Je nach dem von wo man die Radtour starten möchte, wird man unter Umständen die Öffis verwenden, um mit dem Fahrrad dorthin zu gelangen. Wir starteten unsere City-Mauerradweg-Tour in Wittenau, im Nordosten Berlins, und fuhren mit der S85 ab der Station Schönhauser Allee dorthin. Für das Rad benötigt man ein eigenes Ticket. Und manchmal ist die S-Bahnfahrt mühsam, doch lohnend.

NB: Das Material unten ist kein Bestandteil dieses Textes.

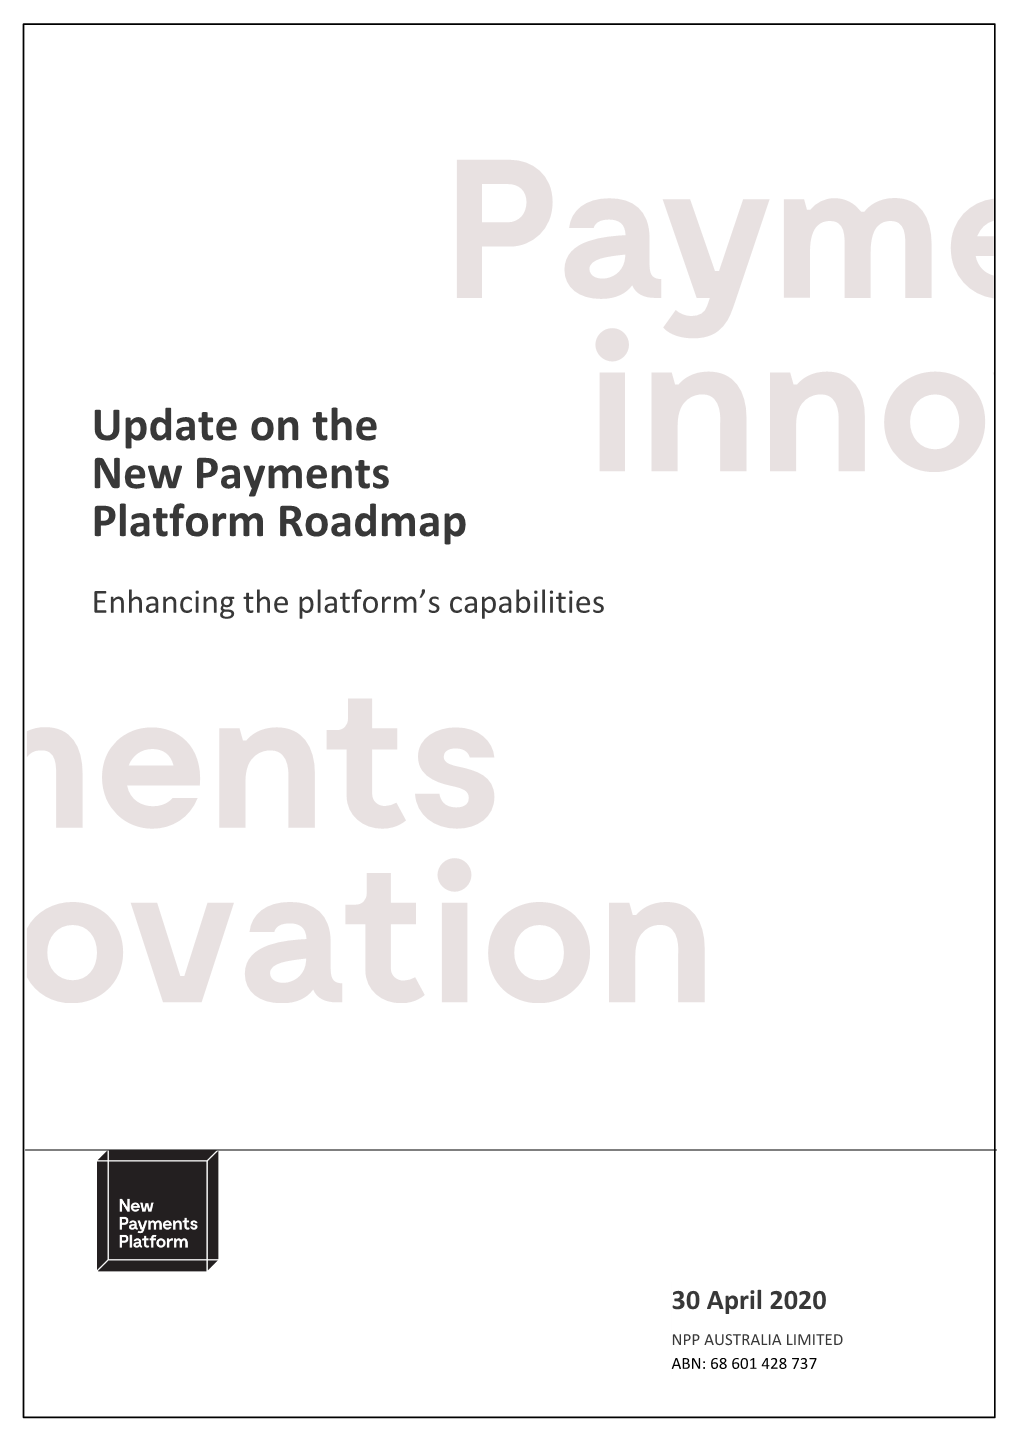 Update on the New Payments Platform Roadmap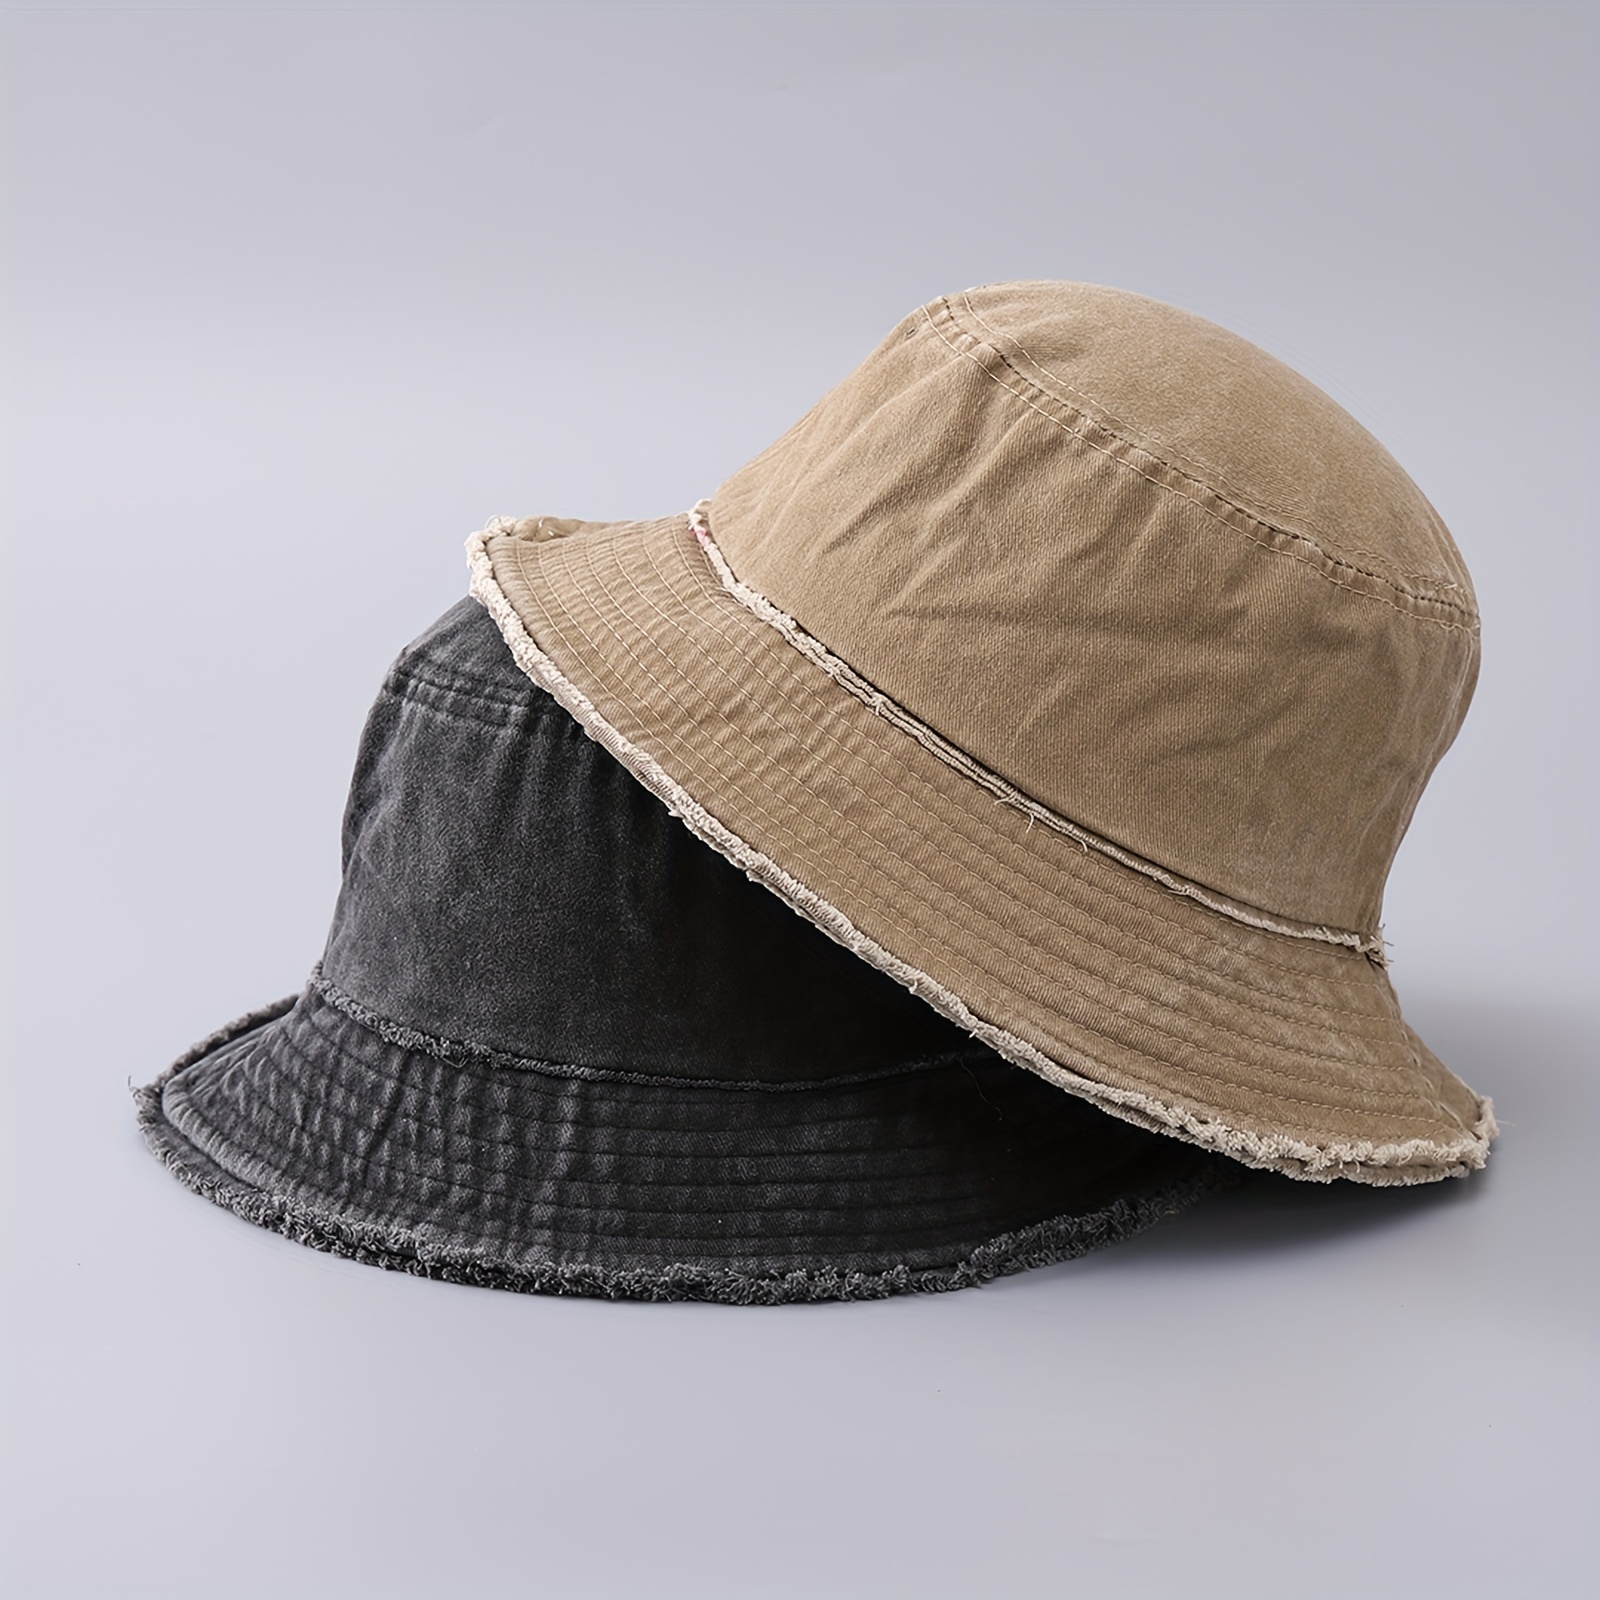 New Solid Bucket Hats With Rope 2021 Spring Summer Beach Panama

Die Strecke durch die Stadt führte uns von Wittenau nach Treptow und dauerte rund 8 gemütliche, unglaublich informative, mitunter sehr emotionale und vor allem kurzweilige Radstunden durch die neuere Berliner Zeitgeschichte.
Berlin ist eine Fahrradstadt. Von ganz wenigen Ausnahmen abgesehen ist man auf den Berliner Straßen mit dem Rad perfekt aufgestellt. Es gibt großzügige Fahrradstreifen bis hin zu ganzen Fahrradstraßen. Ein geniales Ampel- und Kreuzungssystem bevorzugt die Radfahrer, und die Berliner Autofahrer (KFZ Kennzeichen B) nehmen vorbildlich Rücksicht auf die Radler. Aufpassen muss man nur bei „Nicht-Berliner-Kennzeichen“. Man ist also auch auf dem Mauerradweg durch die City sicher unterwegs.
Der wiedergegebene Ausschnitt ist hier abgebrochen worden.